I am a Ph.D. in Computer Science with a focus on computational biology and applied machine leanring. I obtained my PhD training at McGill University under the supervision of Prof. Mathieu Blanchette. I will join Data Science and Analytics Thrust at the Hong Kong University of Science and Technology (Guangzhou) as an assistant professor. I received my bachelor’s degree from the City University of Hong Kong (2015). Prior to studying at McGill University, I worked as a research assistant (intern) at Indiana University (2013-2014), and the City University of Hong Kong (2015-2017). For more information, please check my CV.
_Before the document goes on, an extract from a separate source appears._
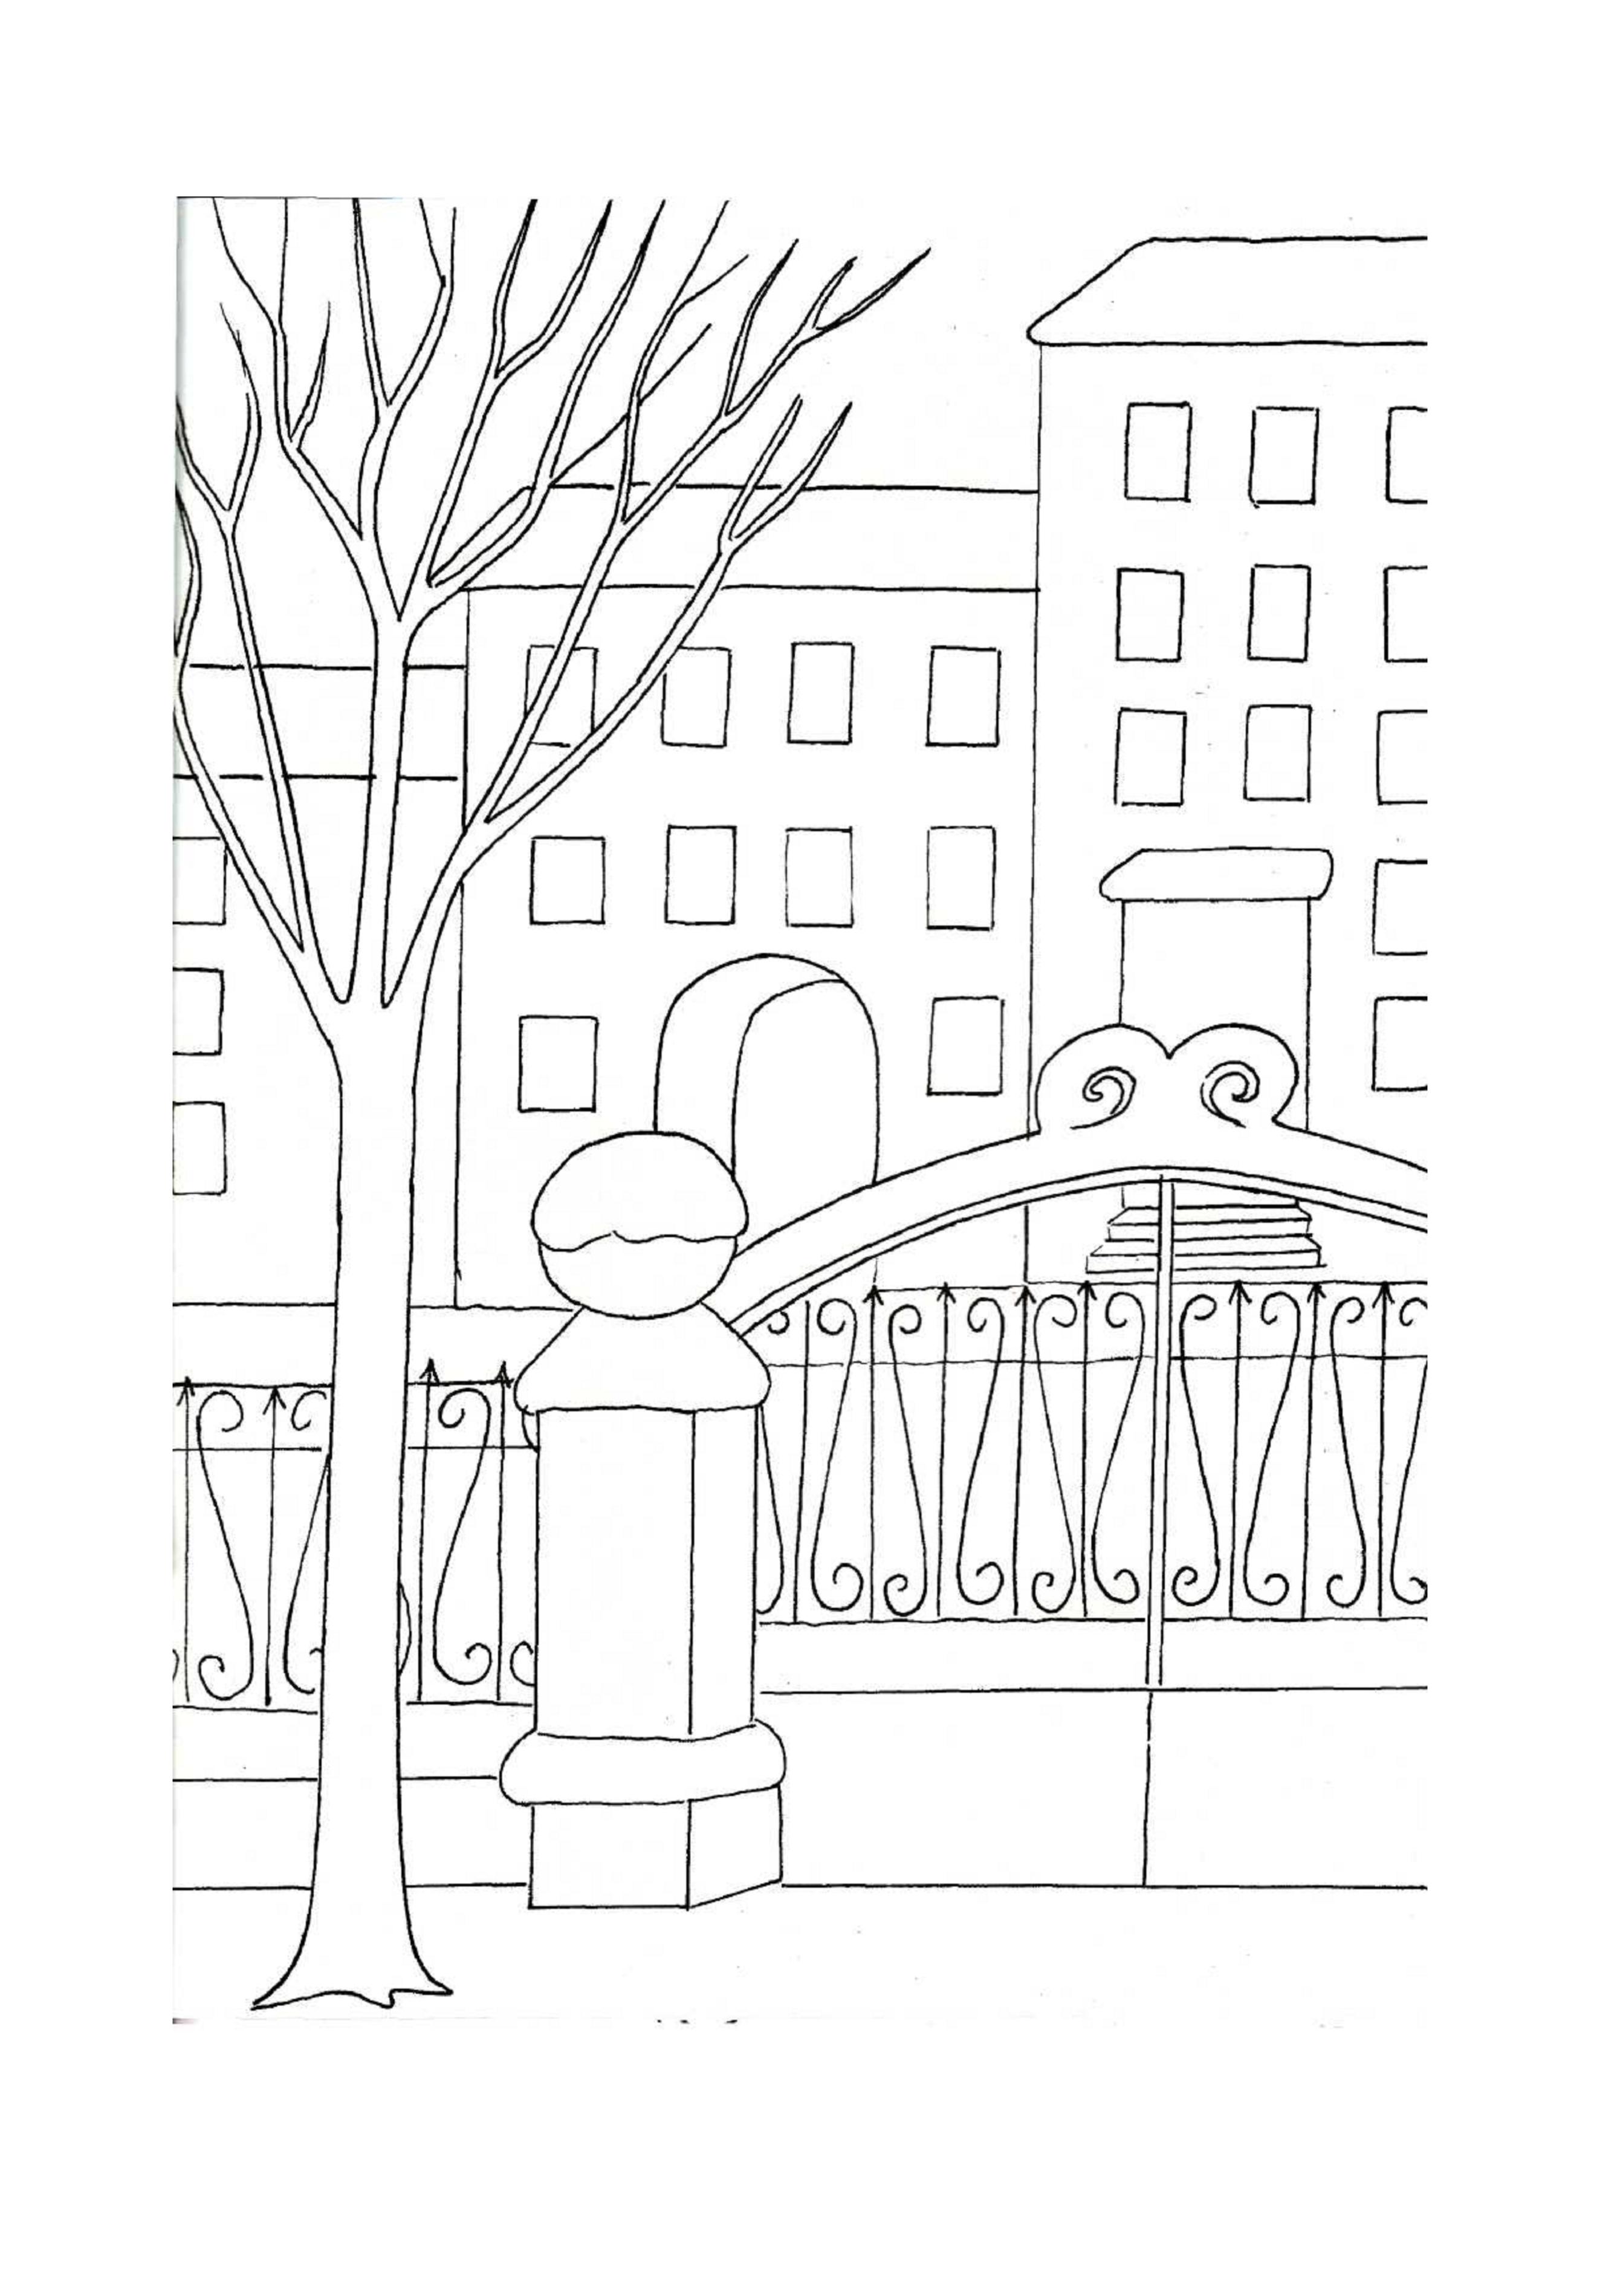 Район города картинки для детей раскраски

Openings: I have multiple fully-funded Ph.D. positions (Spring/Fall) and research assistant/intern positions available at HKUST(GZ). In particular, I am looking for students who are interested in computational biology and machine learning to work in the following directions:

  • Computational 3D genomics
  • Data integration via multi-modal learning
  • Interpretable machine learning for (epi)genome data analysis
  • Representation learning approaches in biological data analysis

If you have a degree in physics or similar programs and want to do research in computational biology and machine learning, you can also contact me to discuss possible options in the following directions:

  • 3D genome modeling (i.e., Physics-informed GNN for 3D genome modeling, etc.)

Please contact me by email with your CV, transcripts, publications (if any), motivation letter (required for shortlisted Ph.D. applicants), and research proposal (optional).

Research

My research focuses on developing and applying computational methods (i.e., algorithmic and machine learning approaches) for interpreting complex biological data sets. This includes:

  1. Developing deep learning and statistical inference approaches to analyze and comprehend 3D genome organization.
  2. Developing and tailoring representation learning algorithms to analyze biological data sets.
  3. Developing and applying computational tools to analyze omics data (i.e., population genetics, cancer genomics, and MS/MS proteomics).

Selected Publications

  • Zhang, Yanlin, and Mathieu Blanchette. “Reference panel guided topological structure annotation of Hi-C data.” Nature Communications 13.1 (2022): 7426.
  • Zhang, Yanlin, and Mathieu Blanchette. “Reference panel-guided super-resolution inference of Hi-C data.” Bioinformatics 39.Supplement_1 (2023): i386-i393. (ISMB/ECCB 2023 proceedings; Accept. rate=14%)
  • Zhang, Zhe, et al. “The Tibetan-Yi region is both a corridor and a barrier for human gene flow.” Cell Reports 39.4 (2022). (co-first author, cover article)

Teaching

  • Course Lecturer: COMP462/561, Computational Biology Methods and Research, McGill U. Fall 2021 [~110 students]
  • Teaching assistant: COMP 462/561, Computational Biology Methods and Research, McGill U. Fall 2020 [~120 students]
  • Head teaching assistant: COMP 551, Applied Machine Learning, MCGILL U. Winter 2020 [395 students]

Scholarships & Awards

2020, FRQNT Doctoral Scholarship, Quebec
2018, Grad Excellence Award in Computer Science, McGill, Quebec
2017, Grad Excellence Award in Quantitative Life Sciences, McGill, Quebec
2016, Outstanding Academic Papers by Students, CityU, Hong Kong S.A.R.
2015, Hong Kong government scholarship, Hong Kong S.A.R.
2013, Chan Wing Fui Scholarship, CityU, Hong Kong S.A.R.
2010, University Entrance Scholarship, CityU, Hong Kong S.A.R.